Low to ultra-low permeability tight oil reservoirs have recently become a significant source of hydrocarbon supply in North America. Production and pressure transient analysis of tight oil reservoirs is one of the most difficult problems facing a reservoir researcher because of the extreme complexity inherent in tight formations, such as producing from multiple layers with effective permeability that is often enhanced by hydraulic fracturing. Unfortunately, limited productivity and unfavorable economics often prevent expenditures of money and time to collect the dynamic data needed for a comprehensive reservoir study. Horizontal well completion along with multi-stage hydraulic fracturing techniques has enabled economic production from these kinds of reservoirs. To produce oil and gas commercially from tight formations, naturally completed (open-holed) or cased horizontal wells with multi-stage hydraulic fractures are the most popular implementation for completion. The use of a combination of the multifractured horizontal wells is expected to create a complex sequence of flow regimes (Chen and Raghavan, 1997; Clarkson and Pederson, 2010). The proper analysis and identification of presence of flow regimes and sequence of emerging flow regimes are essential for obtaining efficient information about hydraulic fracturing optimization and the tight formation characterization.
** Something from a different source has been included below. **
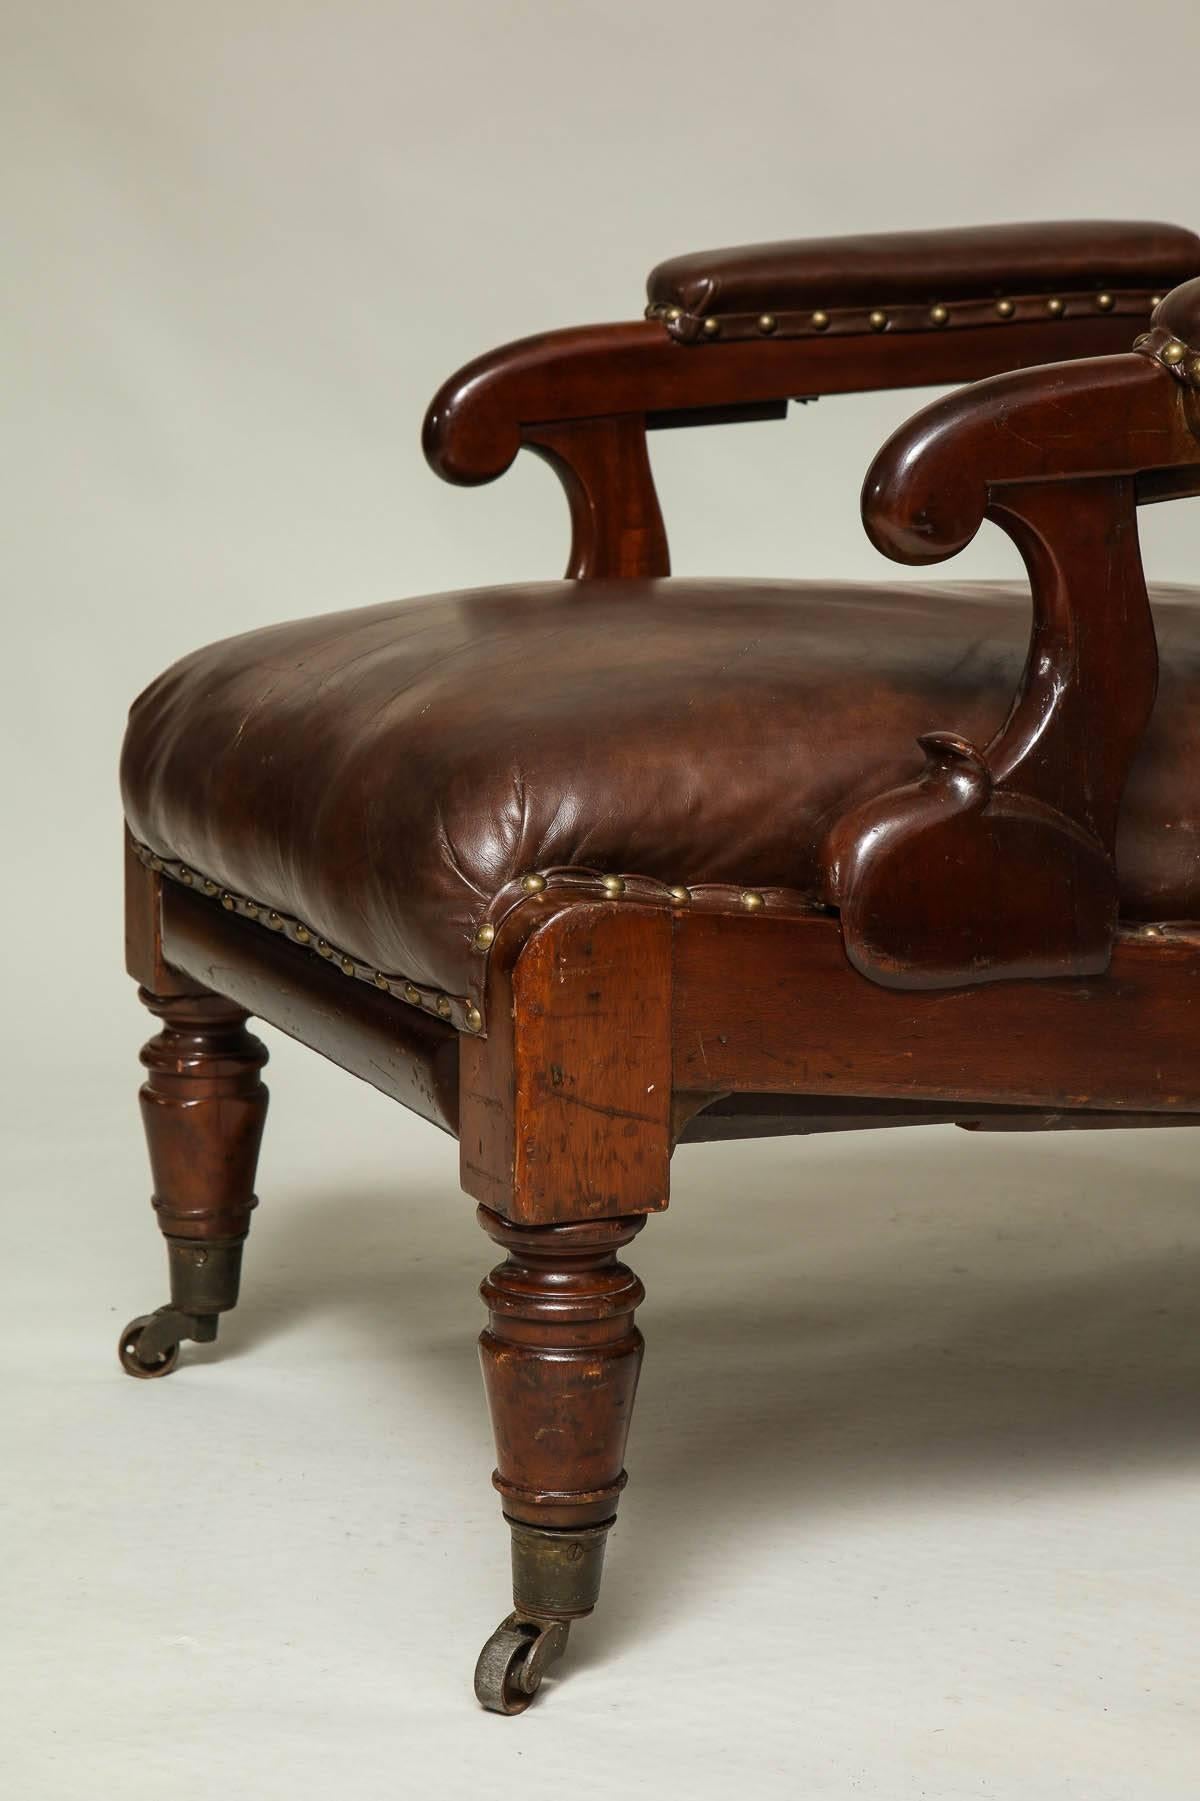 English William IV mahogany library chair with reclining back operated with brass pulls to the underside of the arms, as well as a pullout footrest. A comfortable and handsome chair, England, circa 1835.

This thesis provides a detailed discussion of diagnostic plots of pressure and its corresponding derivative responses for hydraulically fractured horizontal wells in a sizable naturally fractured and homogeneous (single-porosity) formation and providestype-curving matching performance among different existing empirical rate-time relations and compared with simulation results based on the targeted Bakken and Viking Formation in Western Saskatchewan. We consider a naturally-completed (open-hole) and cased horizontal well with either single longitudinal or multiple transverse hydraulic fractures which are normal in the horizontal wellbore, and which might be surrounded by an area with natural fracture system which is simulated by dual-porosity idealization. The discussion is based on pressure-transient performances and characteristics of production data generated by employing a commercial reservoir simulator, CMG IMEX, a 3D finite difference reservoir simulation package which is widely and popularly accepted by petroleum industry. Pressure transient features are discussed and compared. As noted by many findings, it is shown that fully-filled and regional natural fractures would display various pressure transient characteristics and, hence, considerably affects well production performance. In addition, these conductive, interconnected natural fractures dominate the pressure transient performances of horizontal wells in tight formations even with the presence of hydraulic fractures. Additionally, the simulation runs also indicate that if the reservoir is naturally fractured to some extent, hydraulic fracturing stimulation might not improve productivity significantly, unless a large amount of hydraulic fractures and infinite conductivities can be achieved. To demonstrate the feasibility and applicability of simulation models, there is a representative contrast between the simulated pressure transient responses and the corresponding analytical results from the widely-accepted well test model, Kappa. The comparison discussion would be based on the matching performances of a horizontal well with transverse fractures in a homogeneous reservoir. Field case studies are also provided for type-curve fitting and predicting EUR estimation.